Online marketing can take many forms, from an aggressive and expensive Pay-Per-Click (PPC) campaign to passively using social media or sending occasional newsletters. All of the ways in which you attempt to maintain brand engagement or attract visitors to your website should be considered to be an exercise in marketing. But how do you know which of these efforts are working? Would you not like to know if your more passive or cheapest efforts are actually resulting in the most sales? With this knowledge, you would be able to calculate your Return on Investment (ROI) for each of your efforts, and therefore plan where your marketing budget can be spent most efficiently.

To measure the ROI of each of your marketing channels, you will need to know where each of your website visitors comes from, and what they do once they are on your website. Luckily, you can find out both of these things with Google Analytics. One of the most useful reports for any marketing professional is the "Channels" report, which is available under the "Acquisition" header on the left menu. For any date range, you can at-a-glance see statistics for visitors who arrived at your website from each type of source, such as email, other websites or search results:

Viewing Channel & Acquisition reports in Google Analytics

But how do you know which of these channels is performing well? The number of visitors from each is not going to tell you how many became customers or even contacted you, nor is the number of pages they viewed. What you really need to know is what these visitors did when they visited your website.

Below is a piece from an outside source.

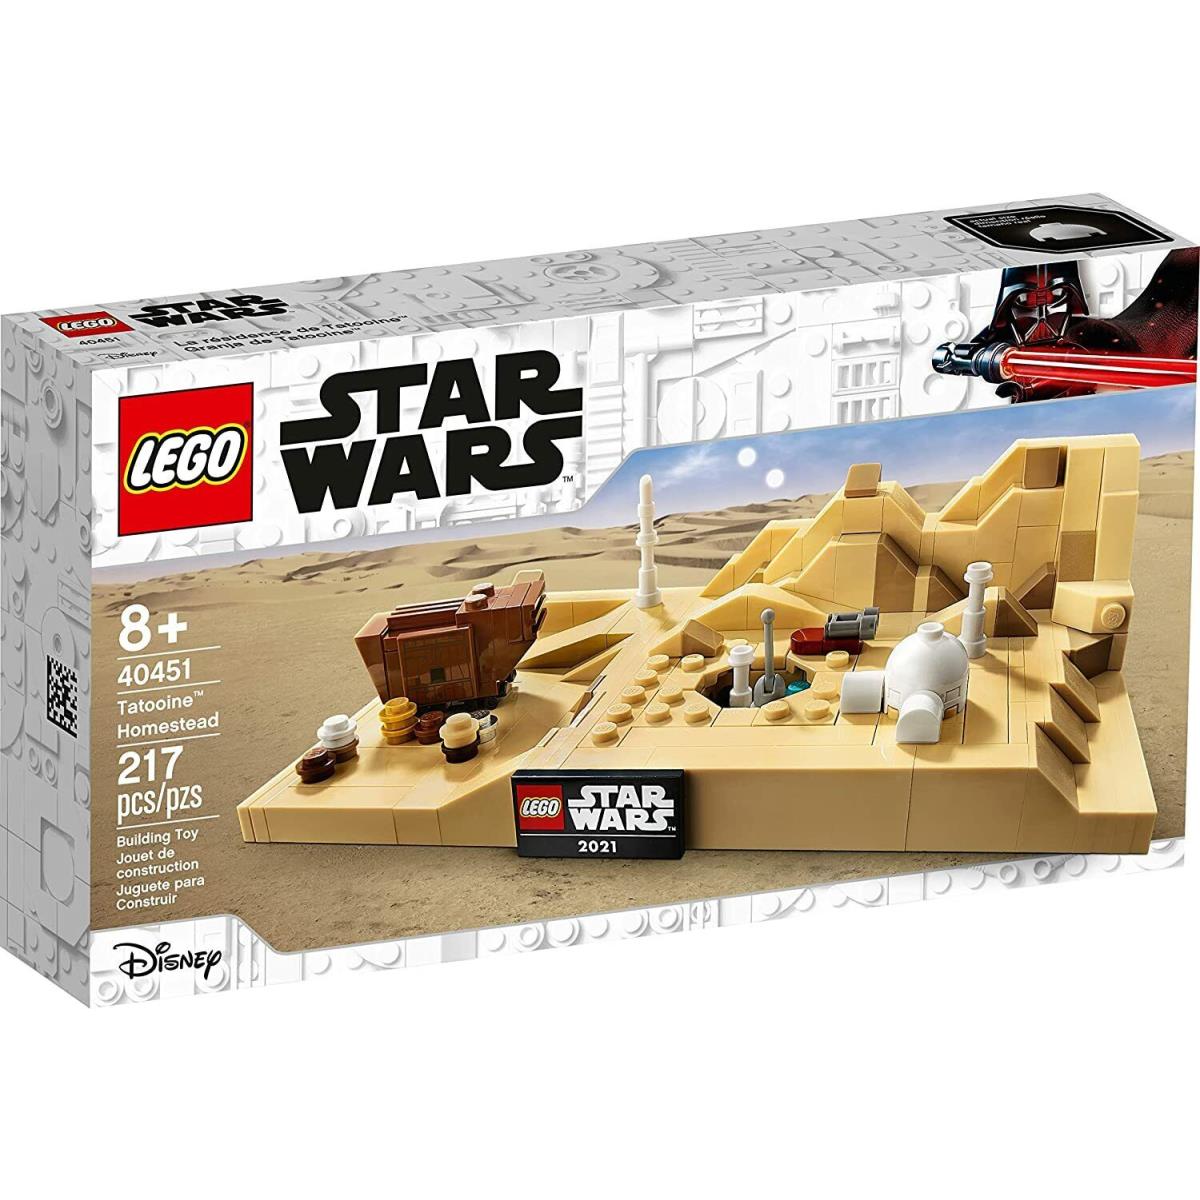 Lego 40451 Tatooine Homestead Micro Microbuild Star Wars Exclusive Set

This is where "Goals" come in, and if you have not yet set any up then the Goals columns in this report will all show "0". "Goals" are in fact a way of measuring "conversions" - an industry term for a website visitor who performs a desired action on your website - such as making a purchase, submitting your contact form or downloading a brochure. To start setting up Goals for your website, click on the "Admin" link on the main navigation menu, and then select "Goals":

Finding the Goals options in Google Analytics

Then use the set-up wizard to create a Goal for each of the desirable actions that a website visitor might be able to perform on your website:

Setting up Goals in Google Analytics

Once your Goals are in place, from this point on the "Channels" report will include the number of goal conversions that have taken place for visitors from each type of traffic source.

Whilst having goals set up will make this data far more useful, to ensure that it is as accurate as possible you will also need to use URL tracking parameters for links within your marketing material. For example, to make sure you know if subscribers to your newsletter ever complete one of your goals, you will need to make sure all the links in such emails are using these parameters so that Google Analytics knows to categorize these visits as coming from "Email".

The results of goal conversion data can sometimes be surprising, and you will subsequently be able to shift your efforts or marketing budget to the channels that are most effective in generating conversions as apposed to simply increasing website traffic.